Состав останавливался несколько раз, но стоял не больше минуты. Только часов в пять, ближе к вечеру. показался какой-то полустанок. Два деревянных домика, покрашенных краской непонятно уже цвета, вероятно, когда-то были служебными зданиями, но потом их местные люди, наверняка, бывшие железнодорожники, деловито обжили. Появились вокруг верёвки с бельём, конуры с собаками, даже телёнок вон какой-то на поезд уставился. Жизнь неимоверно скучная, неторопливая, и чего они отсюда не уедут? К морю дорога есть, что ещё надо? Из вагонов вышли такие же деловито озабоченные люди с кошёлками, сумками, один мужик даже мешок с чем-то тащил. А вот с полустанка именно в их вагон забрался только старикан во фланелевой рубашке в крупную клетку и каких-то нелепых штанах, сшитых. должно быть, из мешковины. Новый пассажир сразу прошмыгнул к Андрею Афанасьевичу, громко поздоровался. Видно, что они были хорошо знакомы. Небось, Рыковку хлещут на пару. И то видать — почти ровесники. Потом старикан, поглаживая окладистую бородёнку, скрылся в свободном купе.

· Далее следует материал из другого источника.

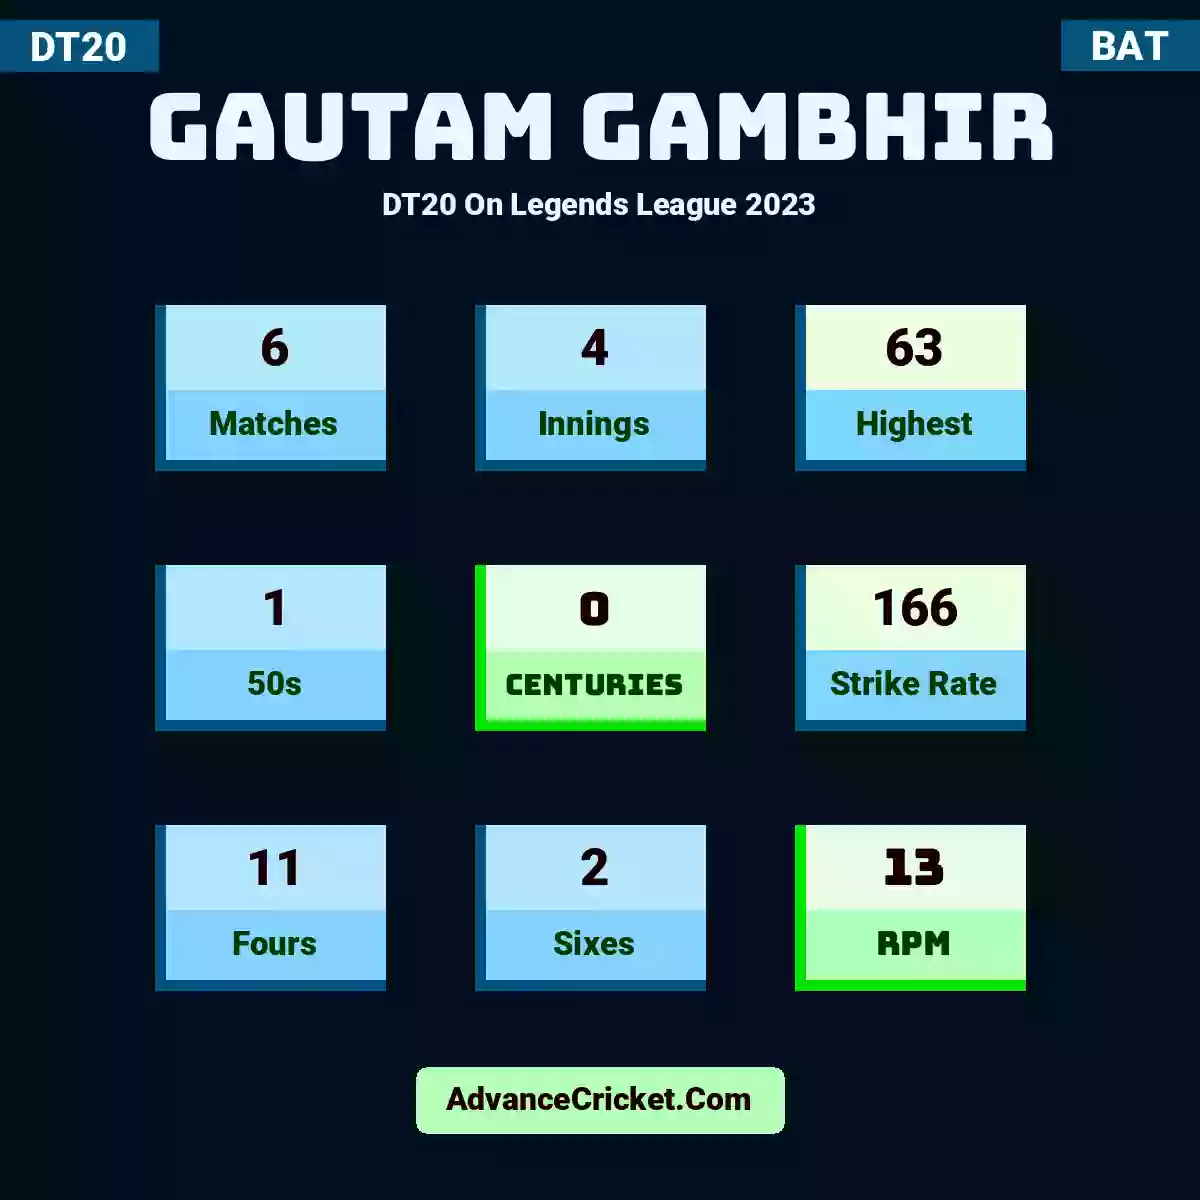 Gautam Gambhir DT20  On Legends League 2023, Gautam Gambhir played 6 matches, scored 63 runs as highest, 1 half-centuries, and 0 centuries, with a strike rate of 166. G.Gambhir hit 11 fours and 2 sixes, with an RPM of 13.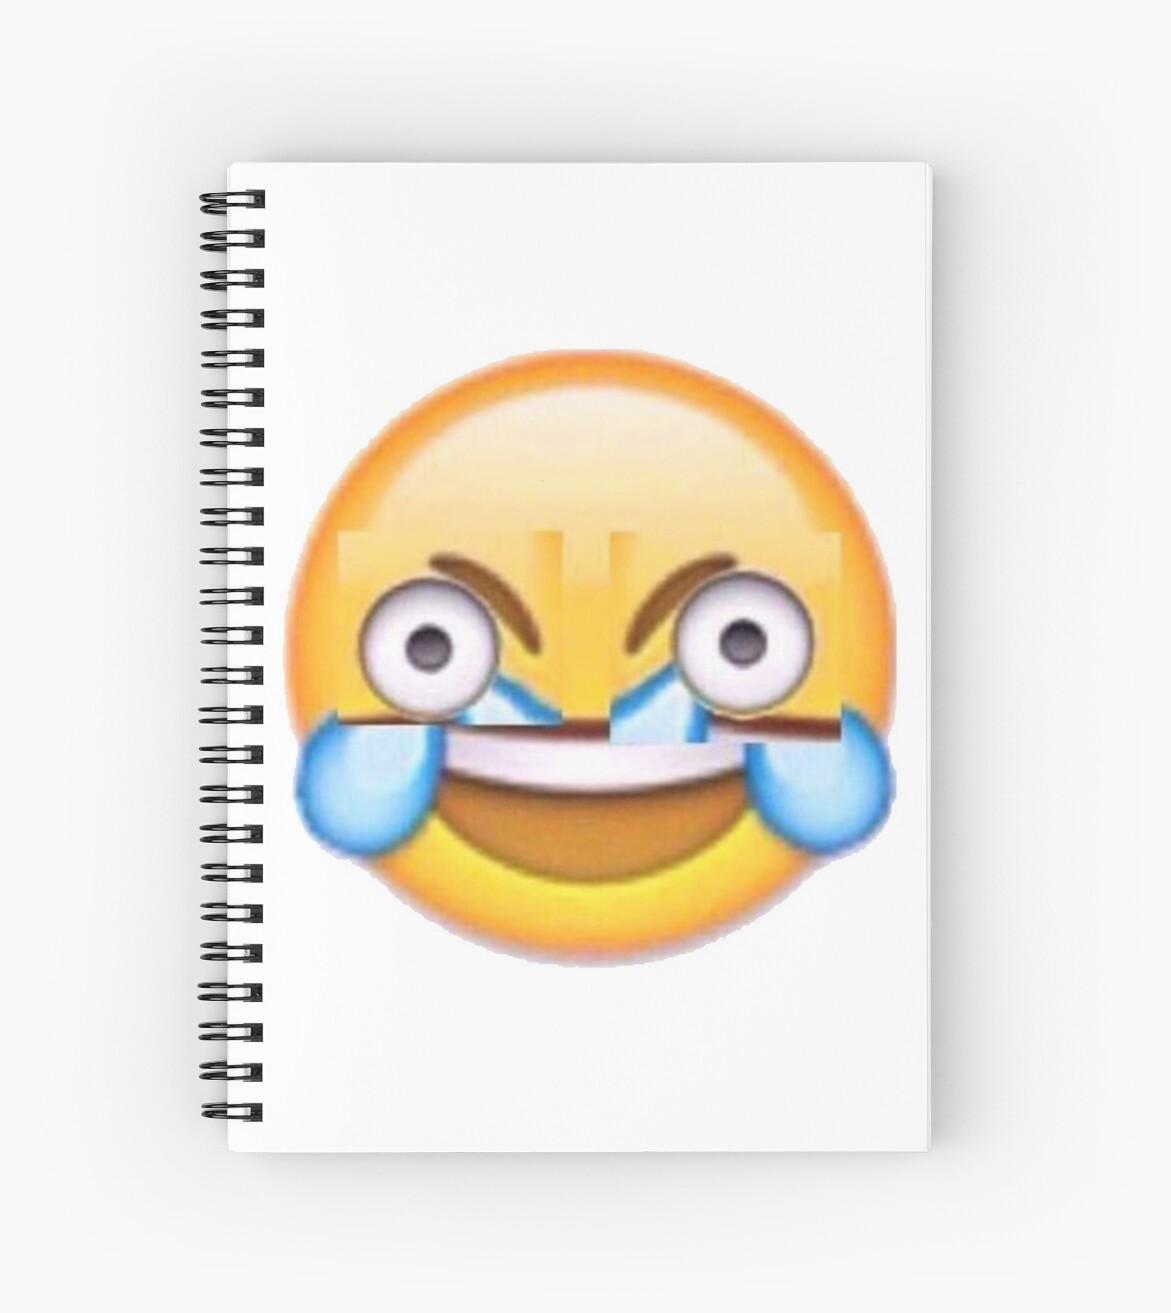 Open Eye Crying Laughing Emoji Spiral Notebooks By Upthecreek90

Тут поезд медленно начал набирать ход, и безымянный полустанок поплыл за окном назад. Вот так и в жизни — только стоит чему-то свершится, и этого уже нет. Уплыло в небытие. Или не в небытие, а сюда вот, на такие же полустанки, разъезды или полуразрушенные аулы где-нибудь в далёкой степи. Внезапно Борис увидел, как к составу неизвестно откуда подбежала женщина в пуховом платке. Это посреди лета-то! Глаза её были широко раскрыты. И. так же широко раскрывая рот, она беззвучно что-то кричала — за стеклом вагона и стыками колес на рельсах ничего не был слышно. А поезд уже набирал ход, и ещё несколько мгновений, и этот крик тоже пропадёт в неведомом витке времени, растает в нём, исчезнет для Бориса навеки. Но в последнее из этих мгновений Борис всё-таки разобрал смысл её крика. Разобрал по губам женщины, которая, казалось, уже отчаялась ему что-то передать.

Она кричала:

— УЕЗЖАЙТЕ!!! УЕЗЖАЙТЕ, РАДИ БОГА!!!

И они уехали.

Старикан, устроившись, долго у себя не просидел, вышел в коридор, оправляя рубашку. Борис как раз проходил в своё купе. Дед его попридержал слегка, сказал весело:

— А денёк-то хороший выдался нынче! Солнце прямо плескало с неба.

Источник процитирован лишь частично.